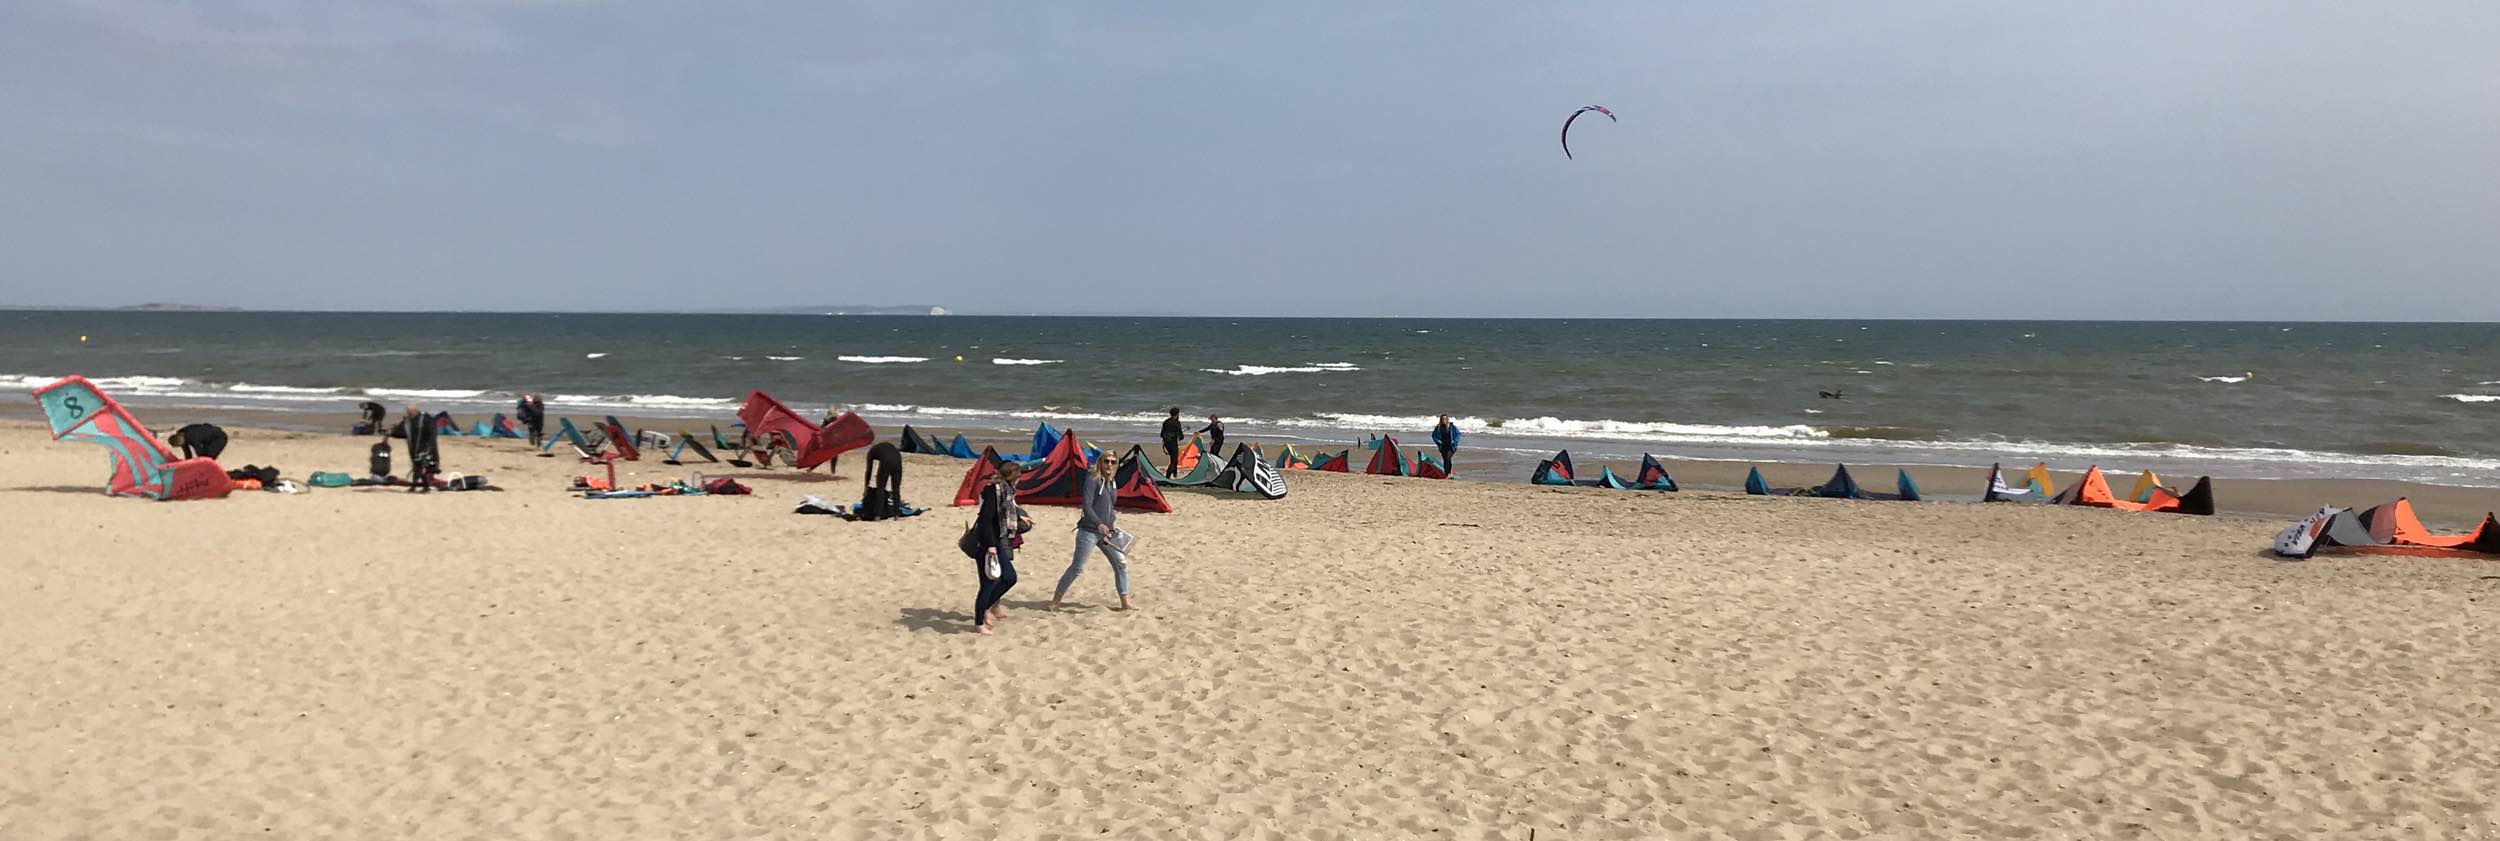 Kitesurfing in Poole
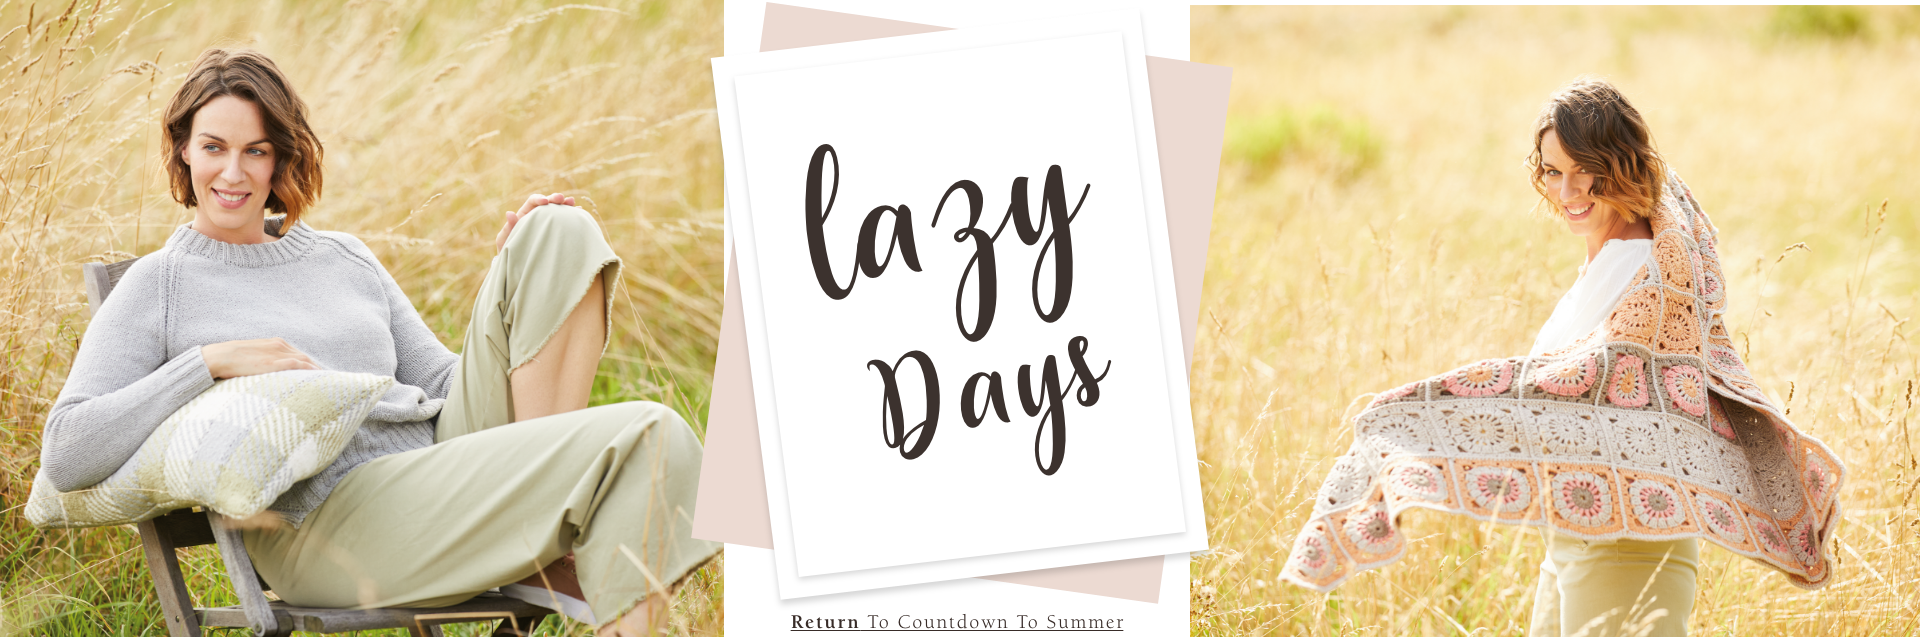 Lazy Days Banner
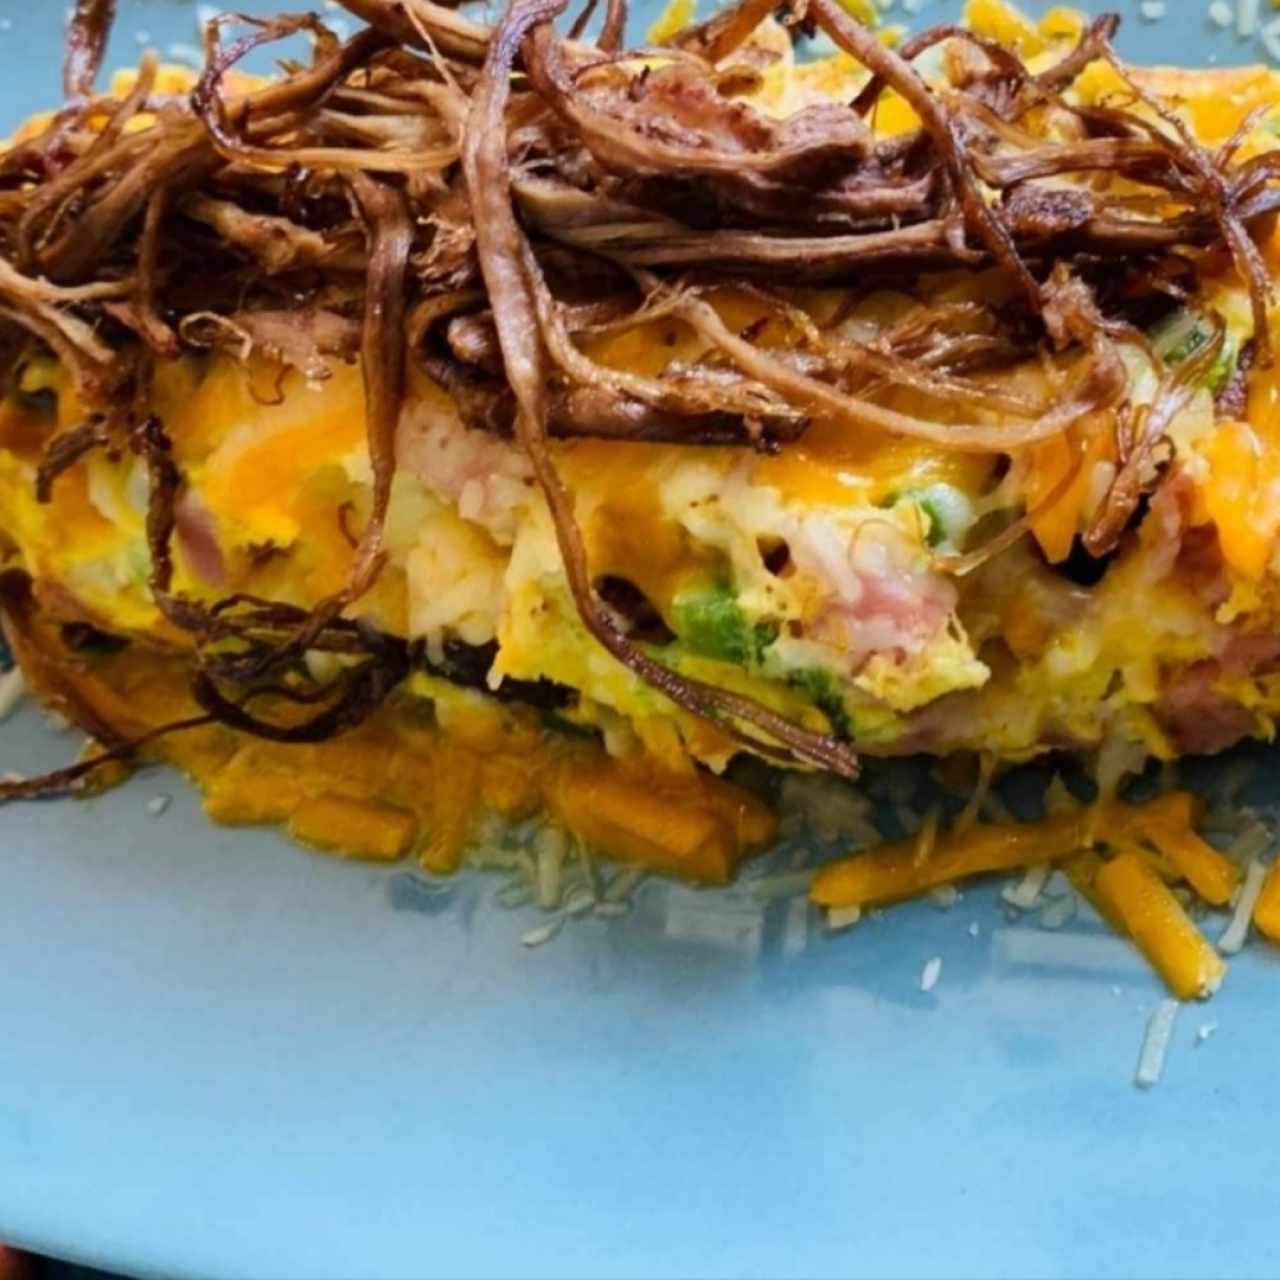 Colorado omelet
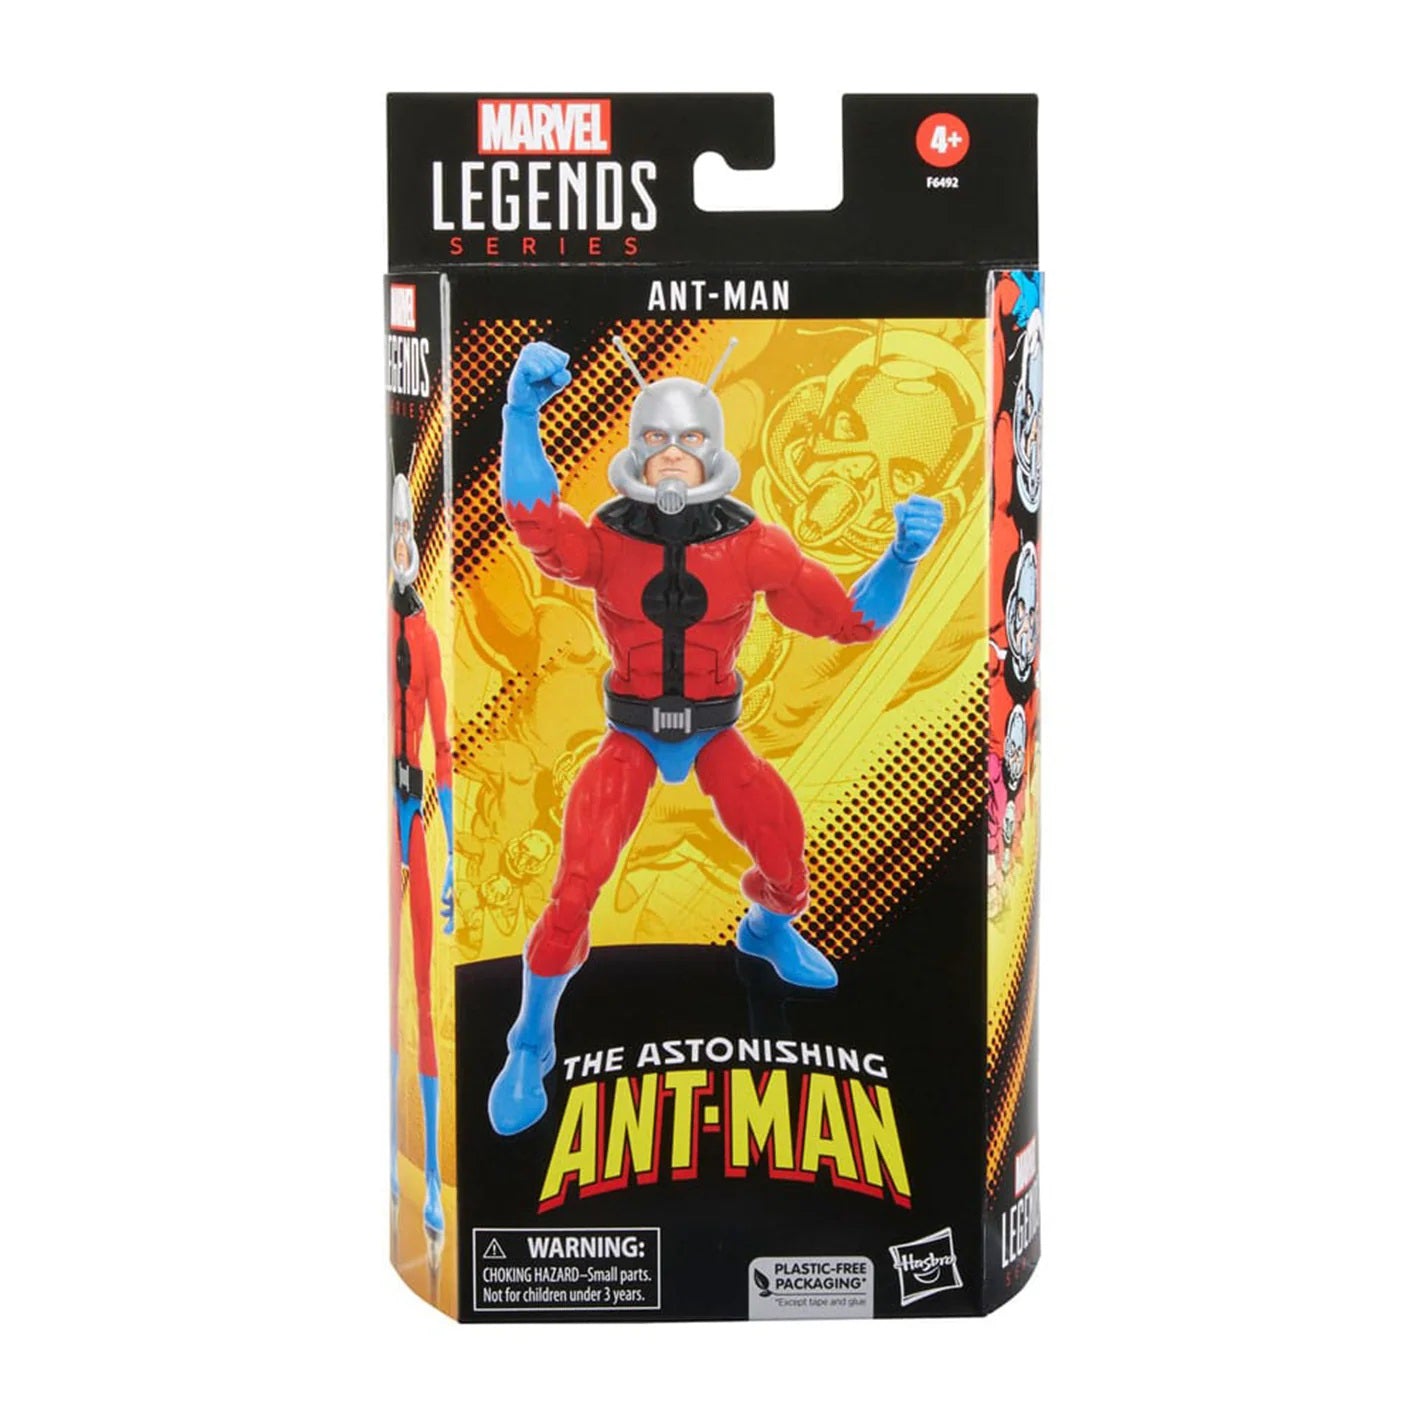 The Astonishing Ant-Man, Marvel Legends

= = = = = = =

--- Work to be completed ---
Where a picture appears in the material above, skip it, and print the rest exactly.

--- Solution below ---
 Kitesurfing in Poole
 Lazy Days Banner
 Colorado omelet
 The Astonishing Ant-Man, Marvel Legends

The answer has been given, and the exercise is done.